Hebo took the seat on her right. All four were close together. For a moment she heard only the whisper of ventilation. Full health on a long trip required weatherlike variations in air. At the present stage of the cycle it bore a slight, electric tinge of ozone.

“What’s, um, kshanta?”

“I don’t know,” Hebo answered.

She glanced at him. The rugged profile turned and the blue gaze met hers. “You don’t?” she exclaimed. “After how many years with her?”

“Not steadily. Off-and-on partnerings. Total, maybe twenty years. And, no, I don’t.”

“Hasn’t she done it before when you were there?”

“Now and then. It involves being alone for several hours. She’s never said more, and I haven’t pried. Could be something private or religious or— I don’t know.”

“I imagine human xenologists have noticed it among her kind and tried to investigate.”

His smile twisted wryly. “Somehow, the casualty rates of xenologists on Rikhan planets went pretty high. They got discouraged after a while.”

She nodded. “That’s a fierce and touchy race.”

“Let’s just say that many people in it are. I wouldn’t call anything except their biology true of every culture and every individual in any race.”

Yes, he thinks. And he can sympathize. “Agreed,” Lissa said. “Seafell—But no, that’s merely another Asborgan House, nothing alien about it. And the members aren’t all alike by any means.”

“The basic biology really is basic, though. Also to ways of thinking, feeling, picturing reality. Has any human ever figured out how the sexual machinery of Susaians affects their psychology?”

Dear Orichalc—“We can be good friends.”

“But not like two humans, or, I suppose, two of them. The, uh, the aspects of nonhumans we can sort of understand and interact with in ways that sort of make sense, they’re those that happen to be enough like aspects of us. And vice versa, of course.” He spoke not intently, but earnestly, as if opening himself to her, something she hadn’t quite heard him do before. “For instance, I’ve gathered that Dzesi, Rikhans generally, can’t comprehend our idea of the Incarnation of God.”

Your idea, Lissa thought. It puzzles me too, a bit. I’d like to know more—because it is yours?—Veer off!

“So maybe Dzesi realizes I’d never understand her kshanta, however hard she tried to explain, and doesn’t bother,” Hebo finished.

“As I imagine you haven’t preached at her.”

“Or at anybody else. Who am I to say what relationship they have to God? Besides, I’d be lousy at it.”

Another archaism? Well, I catch the drift. He’s tolerant. By nature? Or did he have to learn to be if he was to survive as long as he has? I’d like to find out.

“She and I do have working knowledge of each other.” Hebo laughed. “Could be, she’s simply made an excuse to give us some privacy.”

“What?” Lissa murmured, and felt the blood in her cheeks and was angry with herself.

“She can be very tactful,” Hebo said. “Armed and dangerous folks had better be, most of the time.”

“But—you and I—”

“Our first chance to talk freely, just us two, isn’t it?

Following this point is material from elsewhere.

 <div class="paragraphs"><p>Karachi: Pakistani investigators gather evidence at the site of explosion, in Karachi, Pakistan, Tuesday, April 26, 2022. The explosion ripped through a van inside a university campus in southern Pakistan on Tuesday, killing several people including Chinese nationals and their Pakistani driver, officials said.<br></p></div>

And days ahead of us.”

Wariness: “Had you something particular in mind?”

“Yes,” he admitted cheerfully. “However, that’s up to you.”

“What do you mean?” As if she didn’t know full well.

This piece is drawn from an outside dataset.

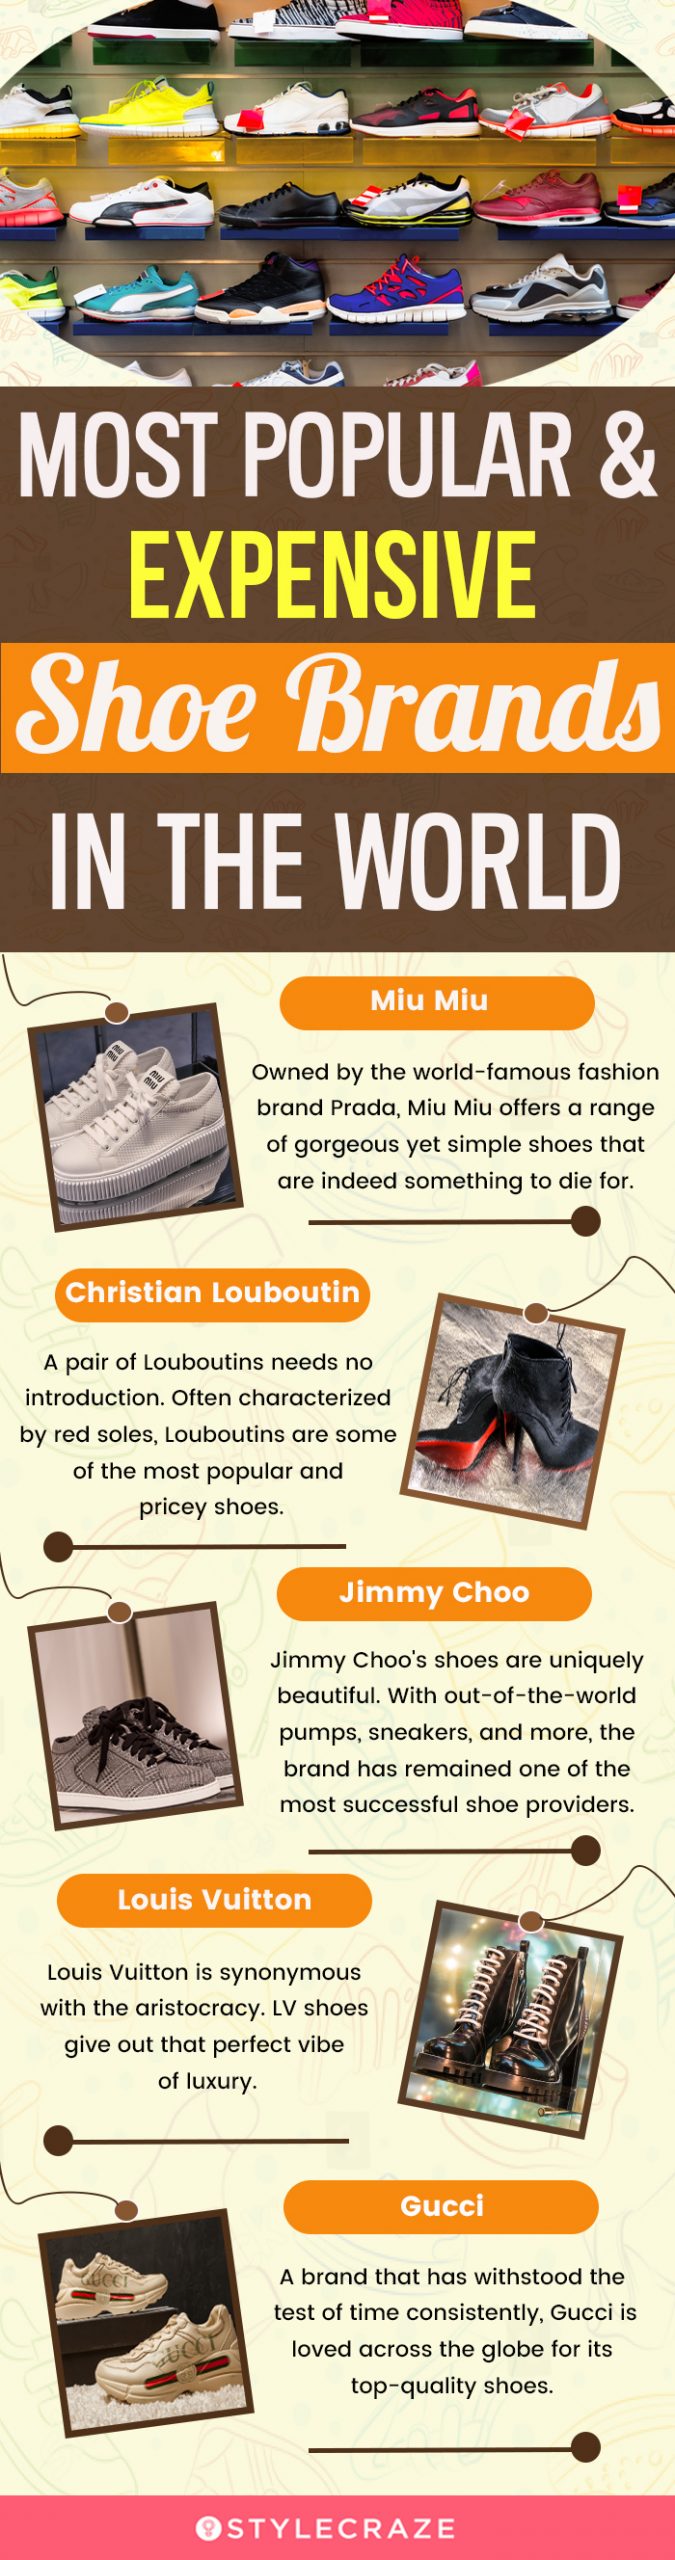 Top 10 Most Popular Shoe Brands for Women in the World

“Don’t worry. I won’t repeat my mistake on Jonna. That’s one memory I made sure I’d keep.”

She didn’t reply at once. The air rustled, cooling off, smelling more and more like a rainstorm drawing nigh. He waited.

I could be evasive, she thought, but I don’t want to. Nor do I want to charge blindly ahead. Once was enough.

She met his eyes again and softened her tone. “You’re really a rather lonely person, aren’t you?”

He lifted a palm. “No, no, I can always have company when I feel like it.” He grinned. “I’ll bet you often do when you don’t feel like it.”